If the spectral slope value is positive, the input voice is determined to be unvoiced, and the vocal cord sound source characteristics and phonation intensity of the input voice are normalized by subtracting the average of the voice spectrum from the voice spectrum. Due to this conversion effect, the power information of the input voice is completely lost. As a result, "ichi" may be mistakenly recognized as "ni" or "go" may be mistakenly recognized as "roku". FIG. 2 shows an example of a sound pattern sonagram for "ichi", "ni", "go", and "roku". In FIG. 2, the horizontal direction is the frequency axis, and the vertical direction is the time axis. In this way, due to spectral conversion, "ichi" and "ni", "go" and "roku" have very similar patterns, and the difference is the silent interval between "i" and "chi", and the pattern between "ro" and "ro". Although the silent section between "ku" is large, the power information is lost, so it may be misrecognized as a result. Furthermore, even though voiced and unvoiced sounds are converted in very different ways, this information is lost, leading to misrecognition of "san" and "yon", or "ni" and "kiyuu". Misrecognition may occur. FIG. 3 shows examples of voice patterns for "san" and "yon" and "ni" and "kiyuu." In FIG. 3, the horizontal direction is the frequency axis, and the vertical direction is the time axis.

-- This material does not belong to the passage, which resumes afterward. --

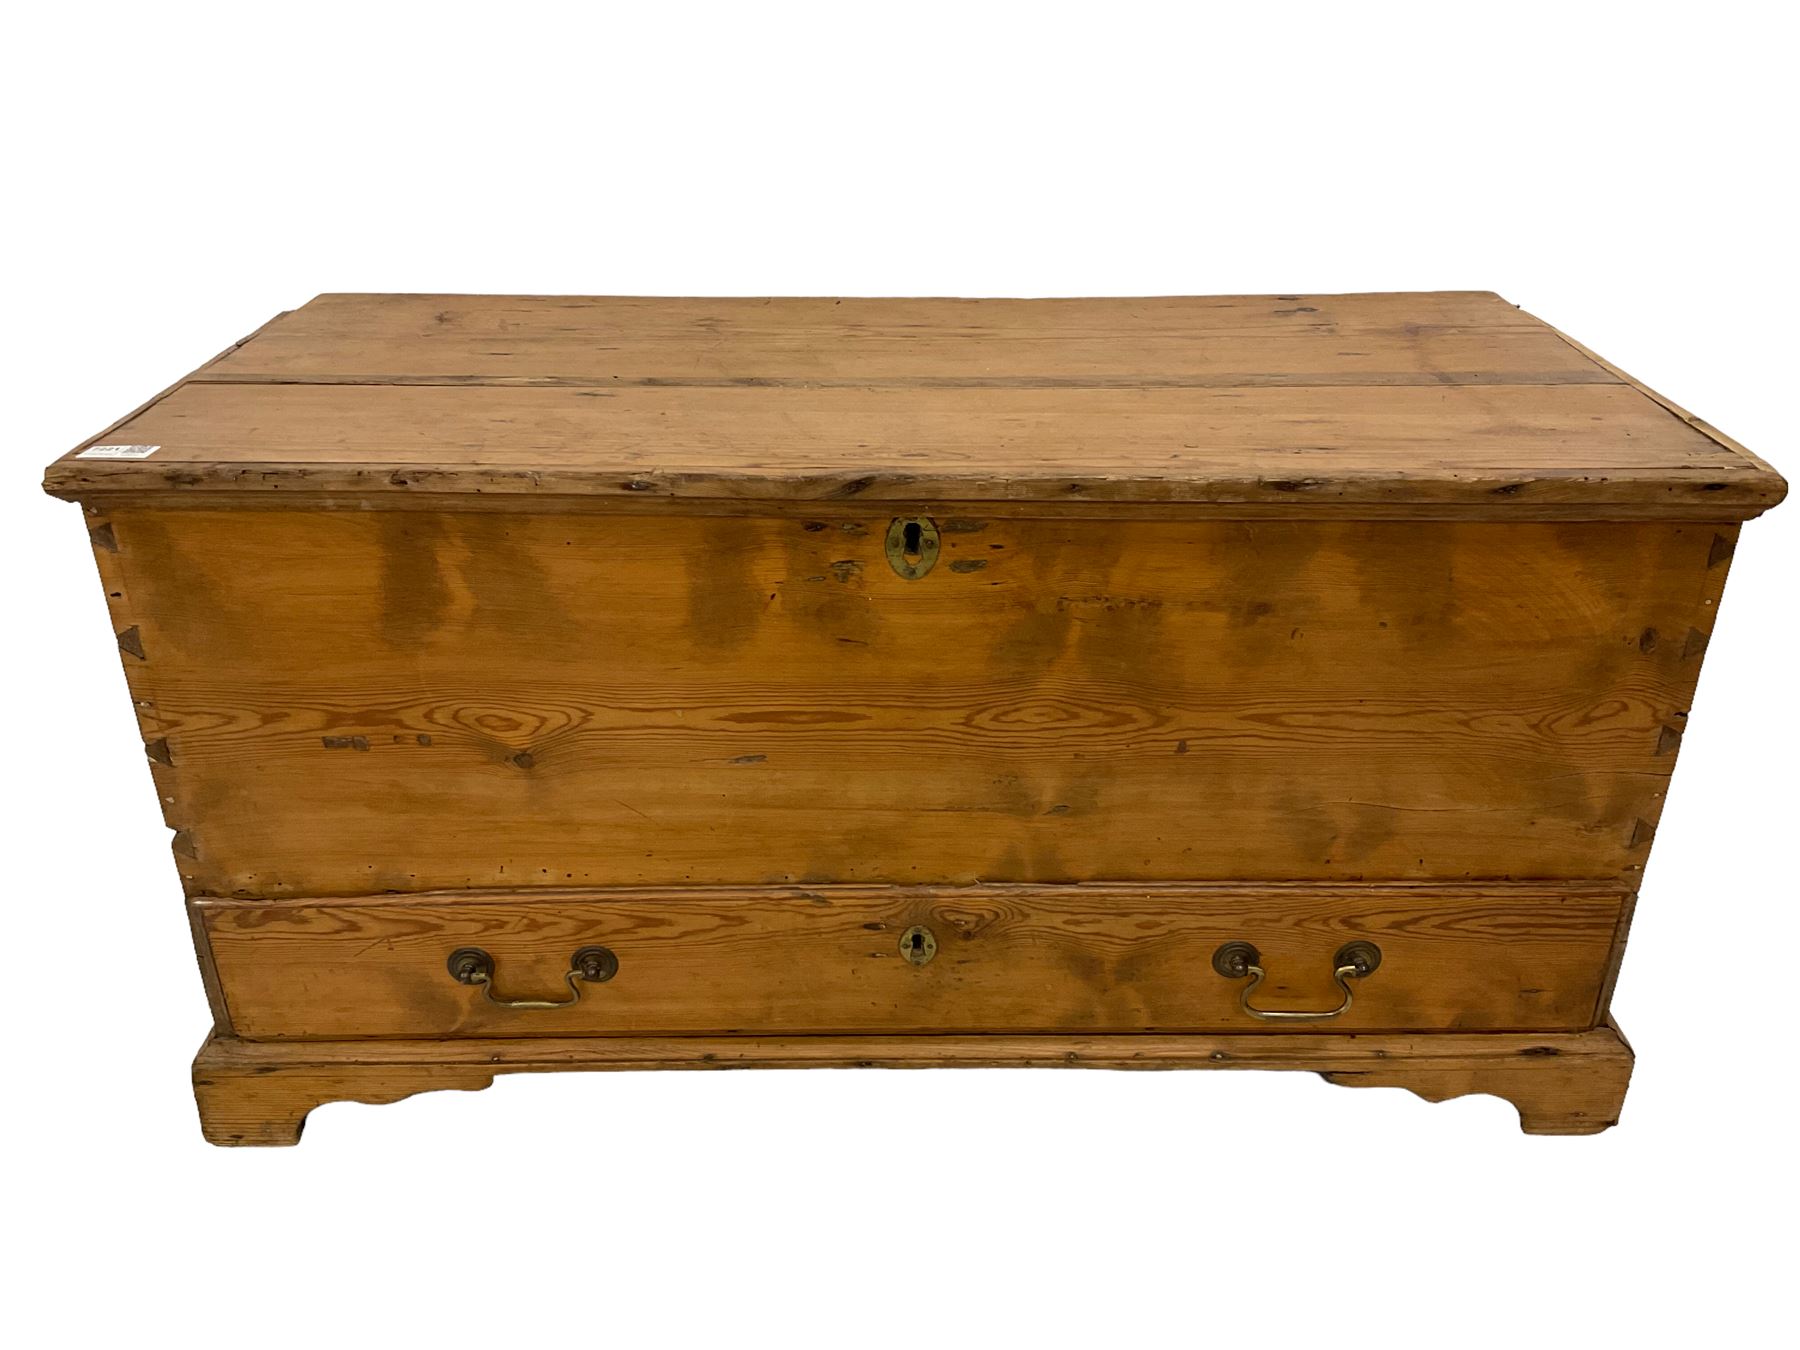 Late 19th century rustic pine mule chest

In this way, as a result of the above conversion, "san" and "yon" and "ni" and "kiyuu" have very similar patterns, and the difference is that the first few frames of "san" are unvoiced, but "yon"'' is a voiced sound, and the leading class frame of ``kiyu'' is an unvoiced sound, but ``ni'' is a voiced sound, but the difference is very small, and due to the conversion effect described above, almost the same pattern As a result, it may be misrecognized. This 2
Misrecognition occurred due to two factors, and the recognition rate decreased. (Objective of the Invention) In order to solve these drawbacks, the present invention compares power patterns between a voice input and a standard voice and compares spectral slope value patterns between a voice input pattern and a standard pattern during dissimilarity calculation processing. This will be explained in detail below. (Structure of the Invention) FIG. 4 is a block diagram showing an example of a speech recognition device for implementing the present invention. In FIG. 4, 100 is an input terminal, and 200 is a frequency analysis section. 300 is a spectrum conversion unit, which includes a counter 301, a multiplication circuit 302, an addition circuit 303, a register 304, an addition circuit 305, and a register 30.

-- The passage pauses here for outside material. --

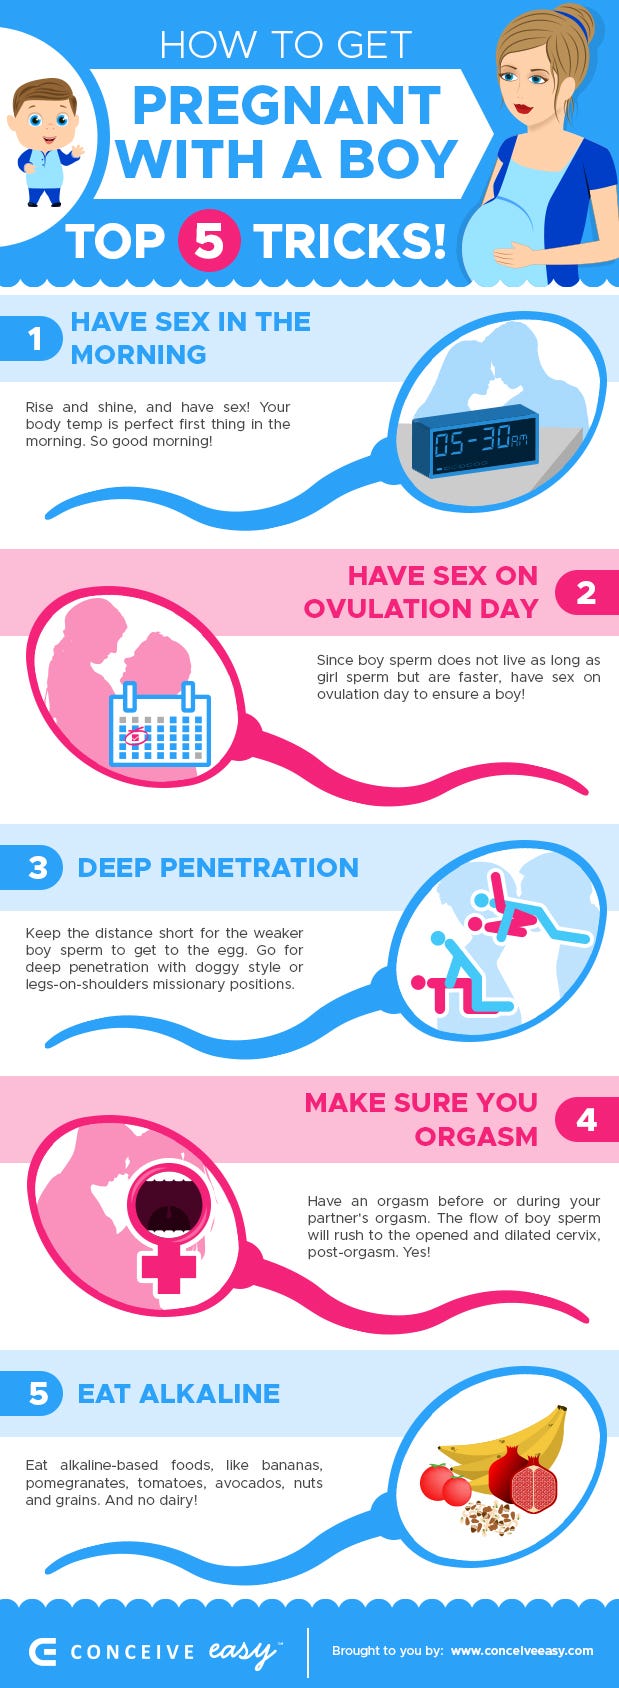 Top 5 Tricks How to Get Pregnant with a Boy Infographic, by Conceive Easy

6. Multiplexers 307, 308, multiplication circuit 3
09, 310, subtraction/division circuit 311, register 3
12, subtraction/division circuit 313, register 314, counter 315, multiplication circuit 316, addition circuit 31
7. Consists of a delay circuit 318, a subtraction circuit 319, switching circuits 320, 321, and a division circuit 322. 400 is a voice section determining section. 500 is a dissimilarity calculation unit, which includes an input speech spectrum pattern memory 501, a subtraction circuit 502, and an absolute value circuit 50.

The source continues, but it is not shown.